🤖 AI Summary
This work addresses the challenges of unreliable segmentation in ultrasound videos caused by speckle noise, weak boundaries, and rapid deformations, particularly under sparse interaction settings where only a single-point click and an anatomical class name are provided in the first frame. The authors propose the first training-free, highly robust segmentation framework, which integrates a frozen medical vision-language model, a foundation vision model, and a promptable video segmenter. They introduce a novel scale-space semantic prompting mechanism to alleviate initialization ambiguity and design a reliability-gated memory update strategy to suppress temporal propagation errors. Additionally, auxiliary point prompts are automatically generated based on the S.E.E.D. criterion. The method significantly outperforms existing training-free and fine-tuning approaches across three ultrasound datasets and contributes the first dynamic fetal-placental ultrasound video segmentation dataset with 671 annotated frames.
📝 Abstract
Ultrasound video segmentation is clinically valuable yet difficult due to speckle noise, weak boundaries, and rapid anatomical deformation. Recent promptable foundation models enable point-guided segmentation, but their direct deployment in ultrasound remains unreliable: a single point provides insufficient spatial context to resolve scale ambiguity, and greedy memory updates amplify early errors into severe temporal drift. We present EchoPilot, a training-free framework for ultrasound video segmentation under sparse first-frame interaction, requiring only a single point click and an anatomical category name. EchoPilot orchestrates a frozen medical vision-language model (VLM) for semantic localization, a vision foundation model (VFM) for dense geometric feature extraction, and a promptable video segmentor for mask prediction and propagation. To resolve initialization ambiguity, we propose Scale-Space Semantic Prompting, which first selects an optimal contextual view via a parameter-free S.E.E.D. (Semantic Energy-Entropy Density) criterion, and then synthesizes geometrically precise auxiliary point prompts from dense foundation features without additional user interaction.
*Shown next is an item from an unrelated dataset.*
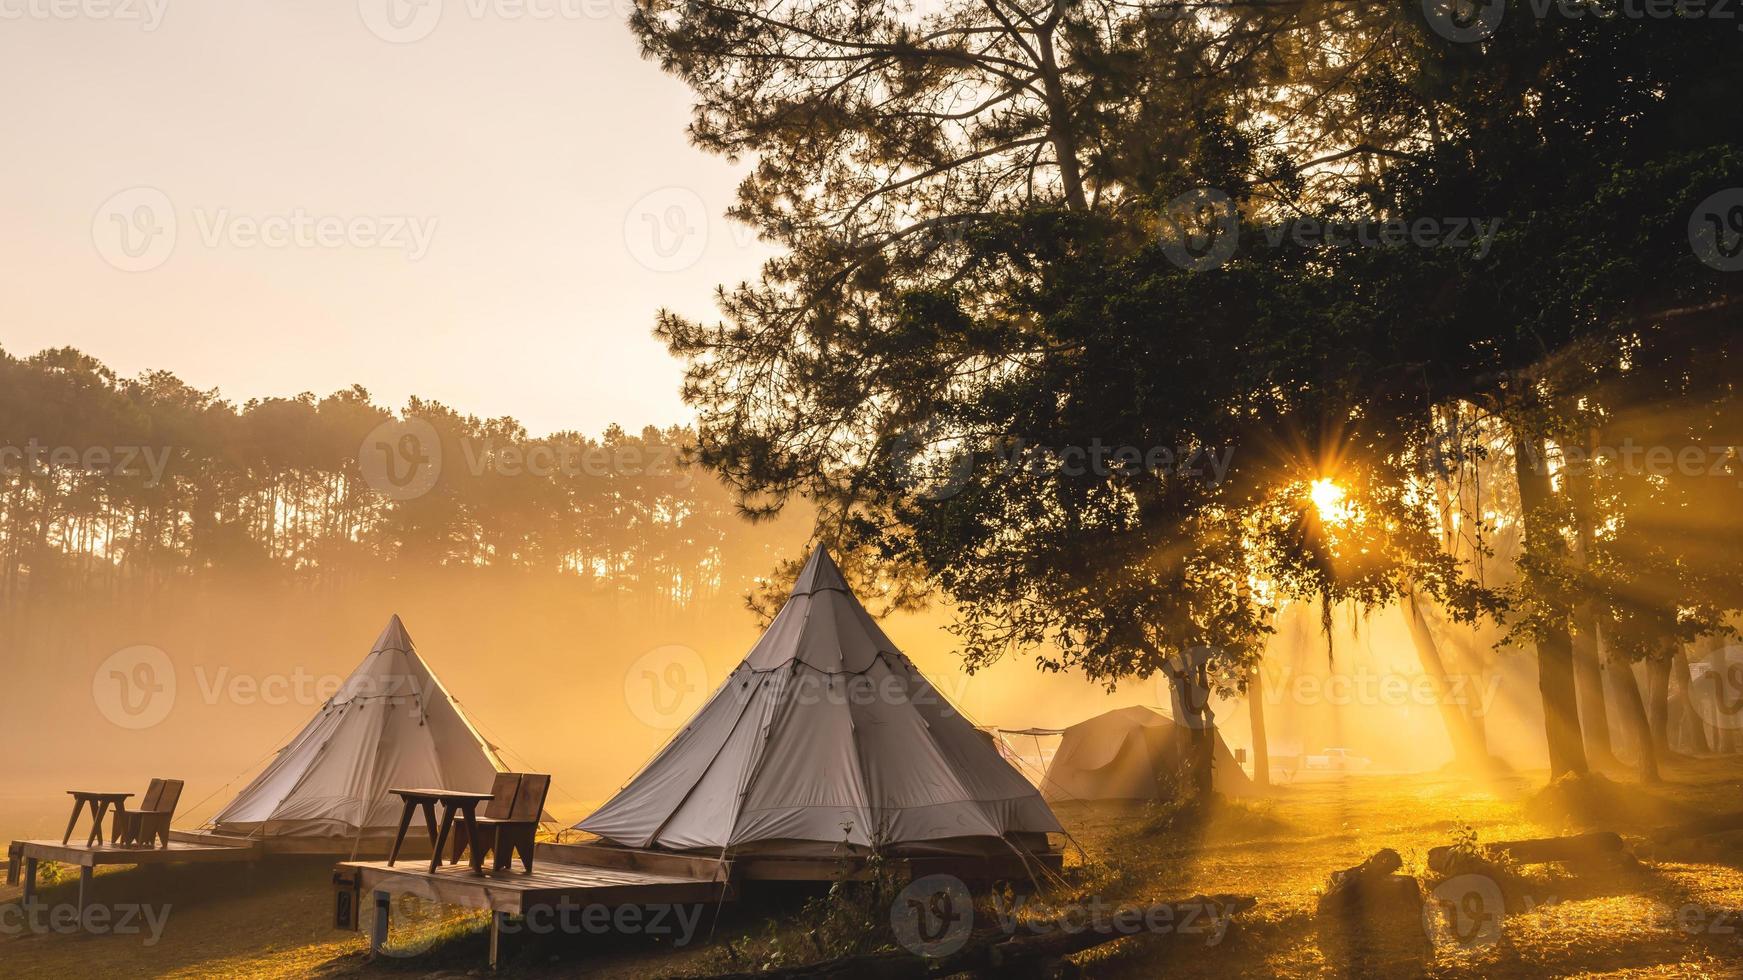 tält camping i de morgon- . på sväng salaeng luang nationell parkera Phetchabun provins, thailand foto

To reduce propagation drift, a Reliability-Gated Memory update is further introduced to selectively freeze the segmentor's memory bank under uncertain predictions, preventing error accumulation. We also contribute the first dynamic fetal placenta ultrasound video segmentation dataset with 671 annotated frames. Across three ultrasound video datasets, EchoPilot achieves state-of-the-art performance under the sparse-interactive setting, consistently outperforming training-free baselines and finetuned specialists.